[TASK TO CARRY OUT]: Using the listing below, output only the lines from the one that contains "Comment enlever un" through the one that contains "Обои для рабочего", inclusive, exactly as given and without images.

[DATA TO EXAMINE]:
____________

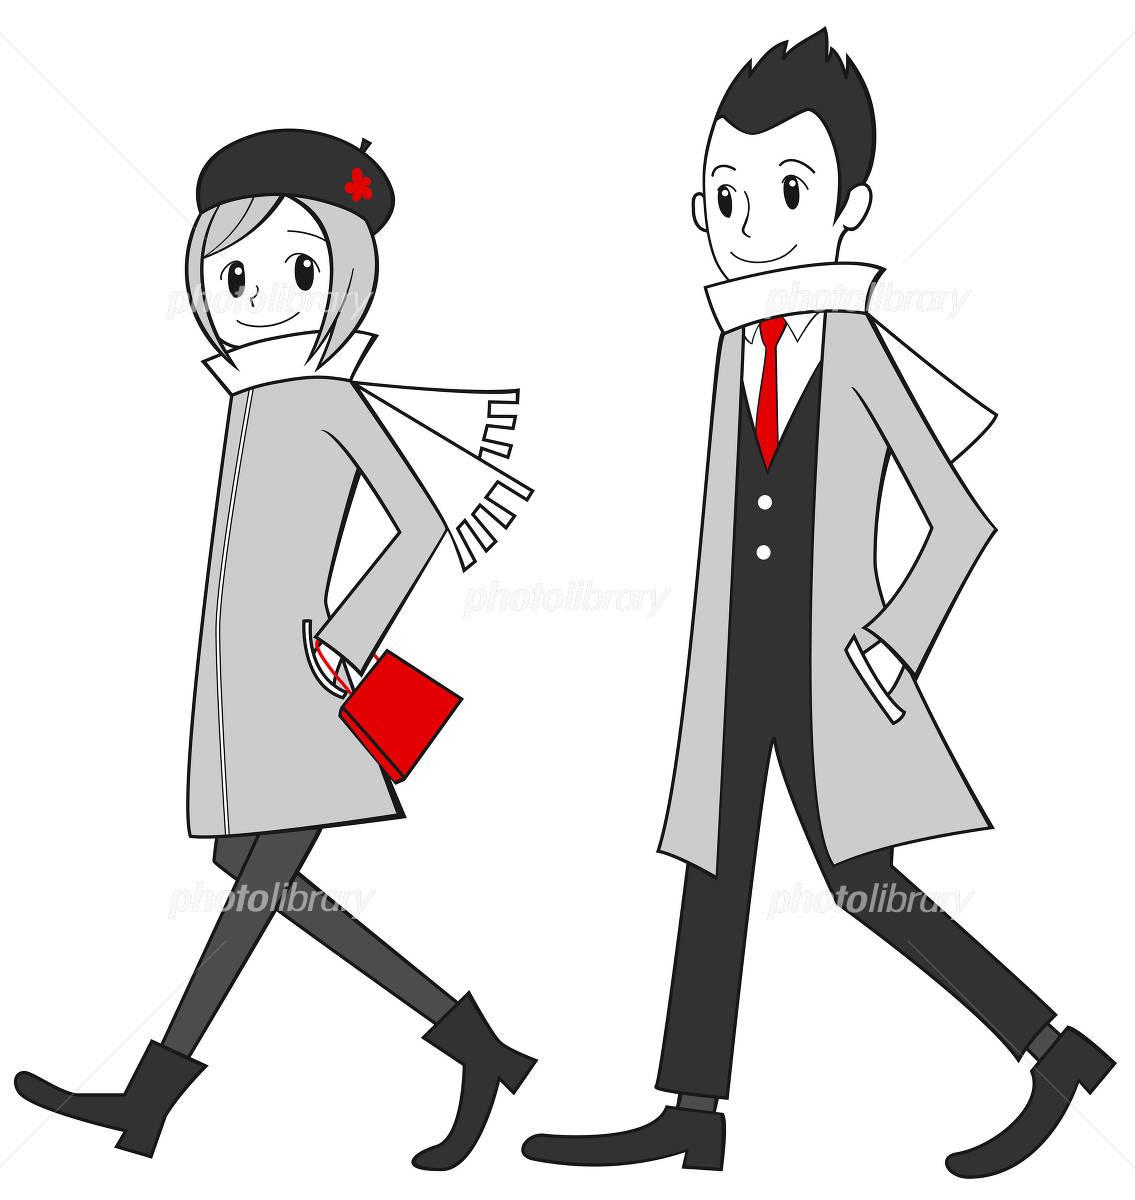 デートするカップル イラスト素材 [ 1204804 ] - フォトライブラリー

____________

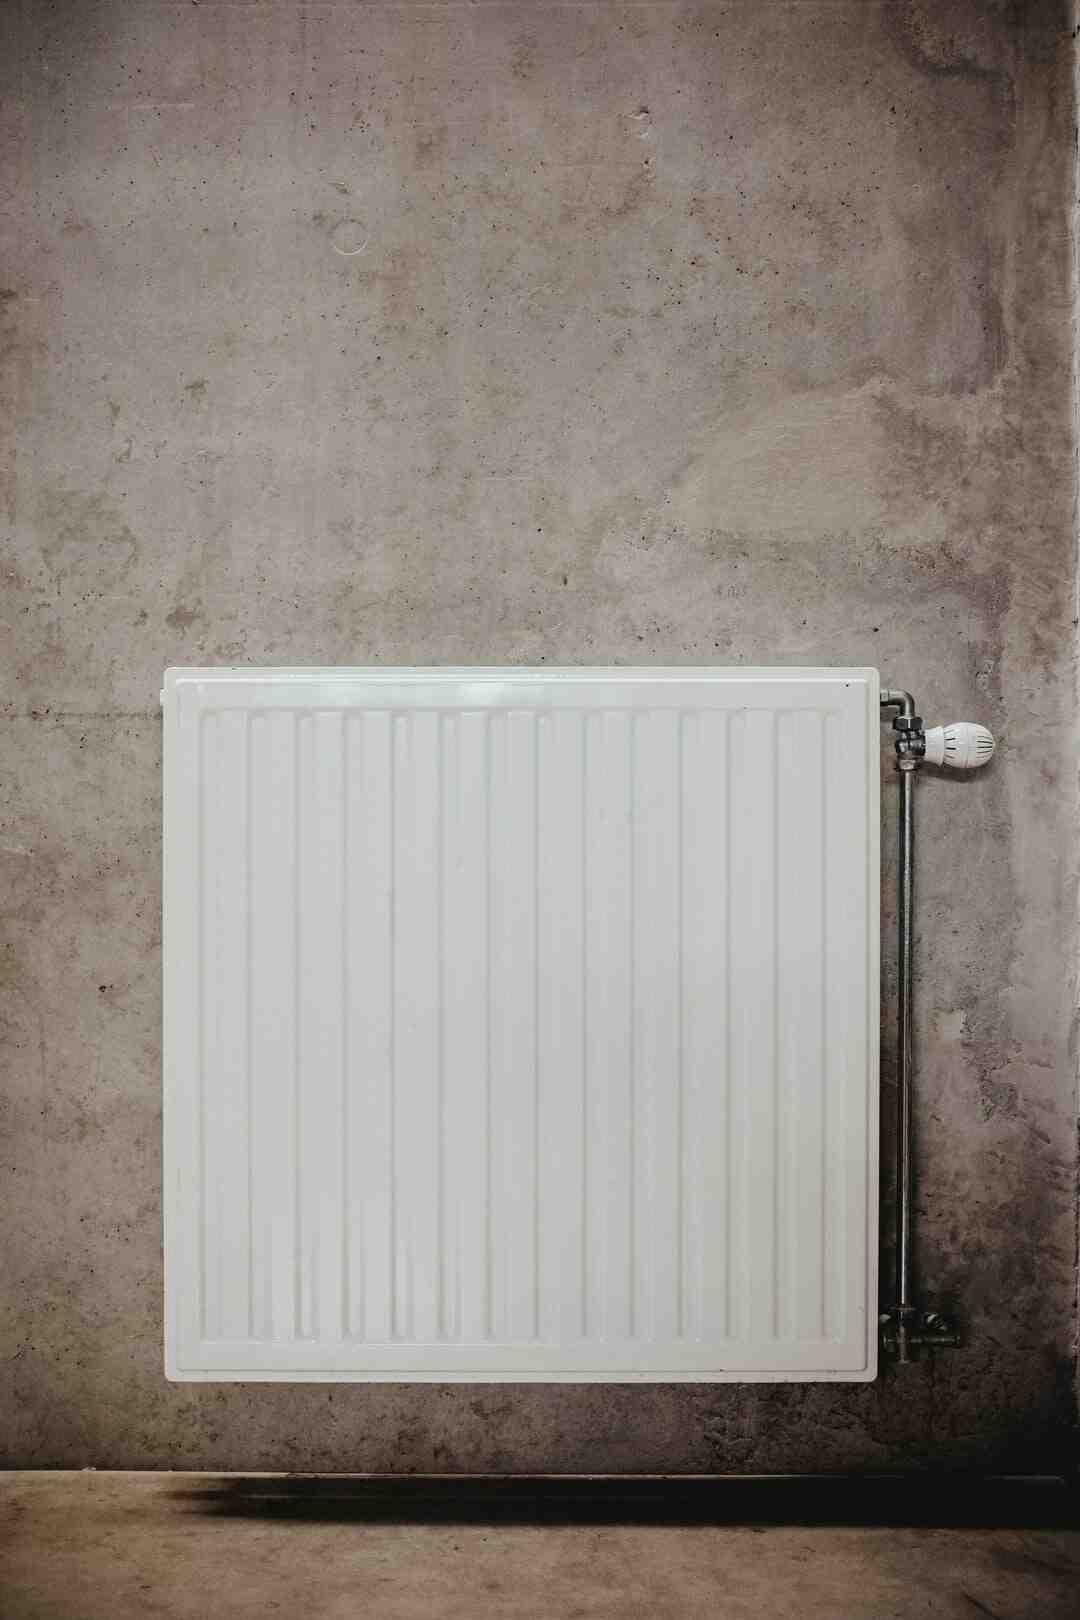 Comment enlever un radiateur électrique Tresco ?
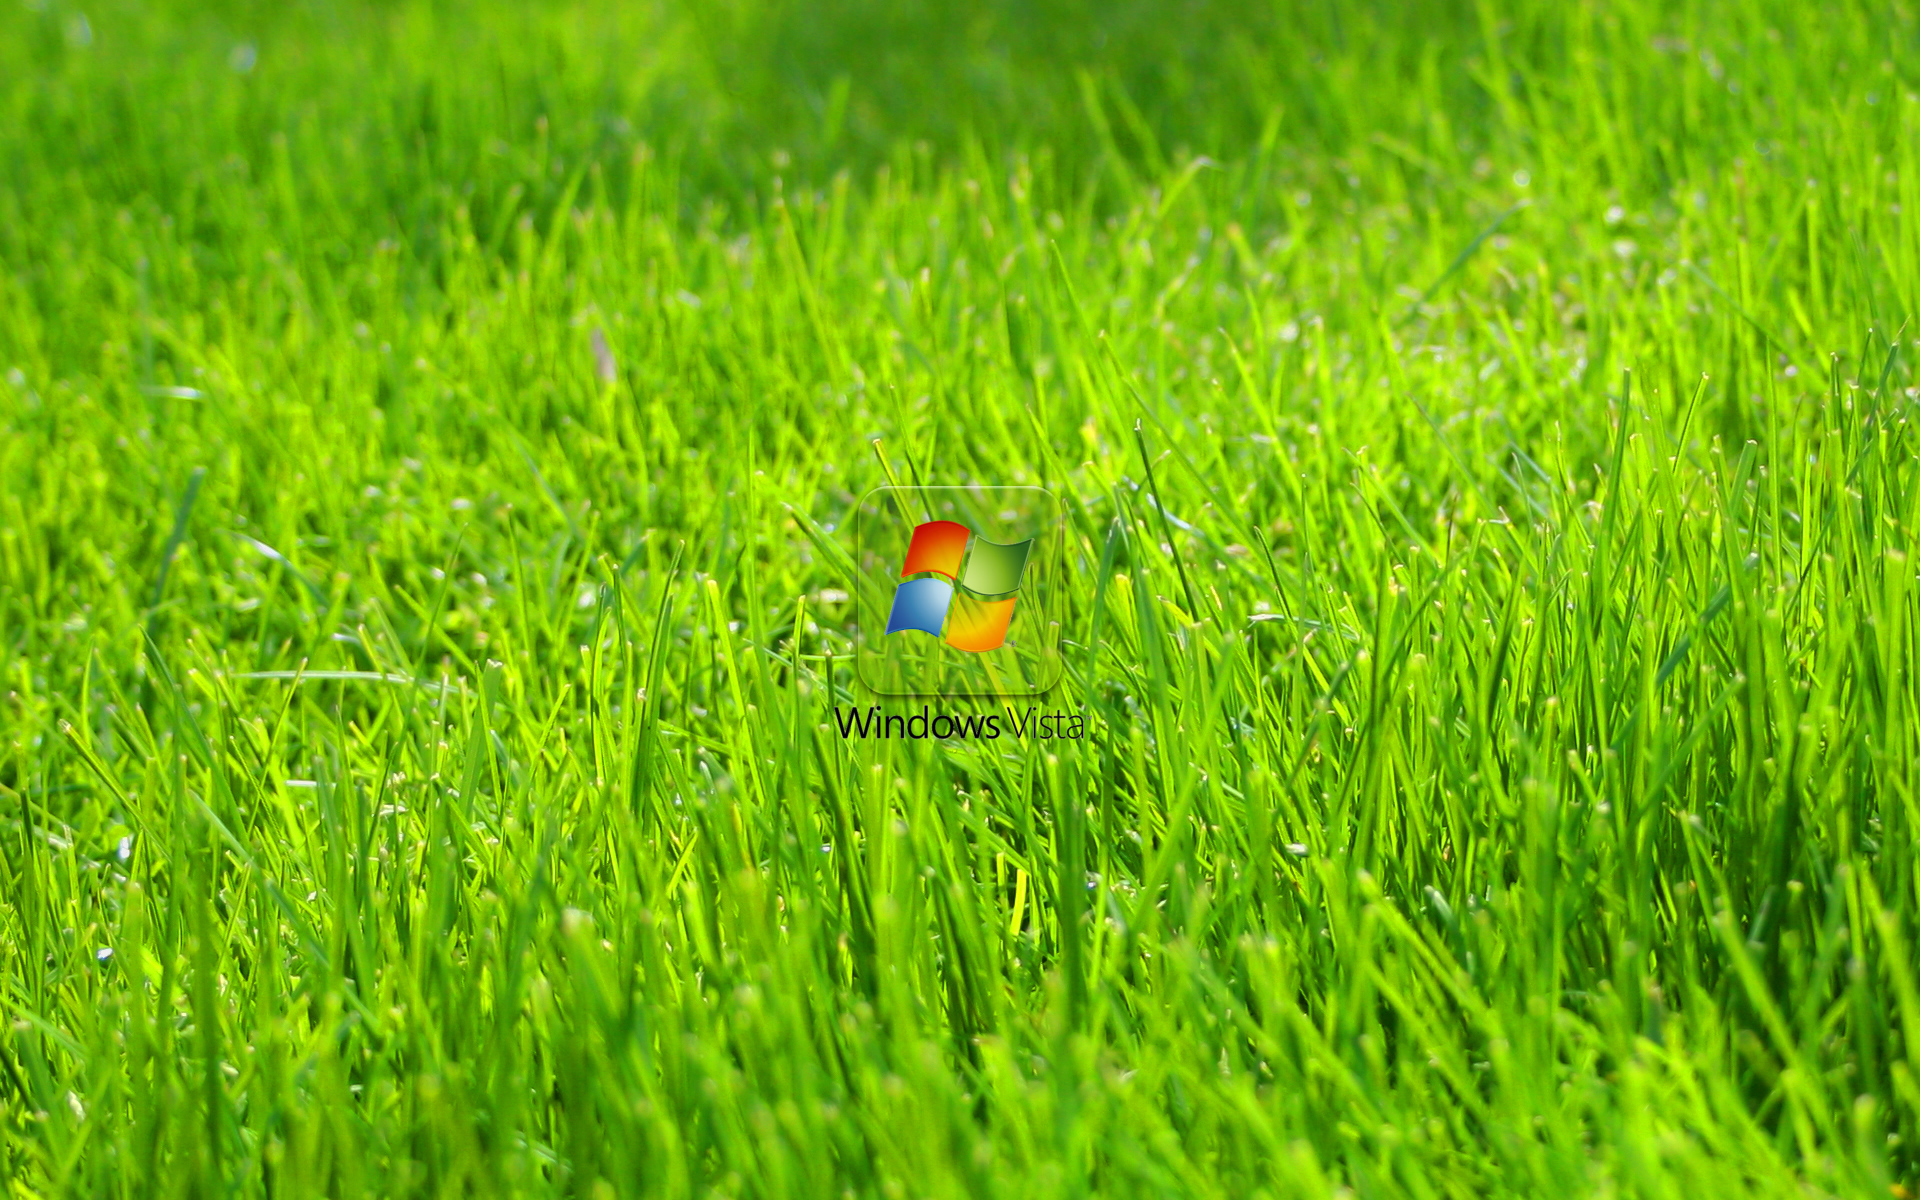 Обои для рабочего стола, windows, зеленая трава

____________

[EXERCISE RESPONSE]:
 Comment enlever un radiateur électrique Tresco ?
 Обои для рабочего стола, windows, зеленая трава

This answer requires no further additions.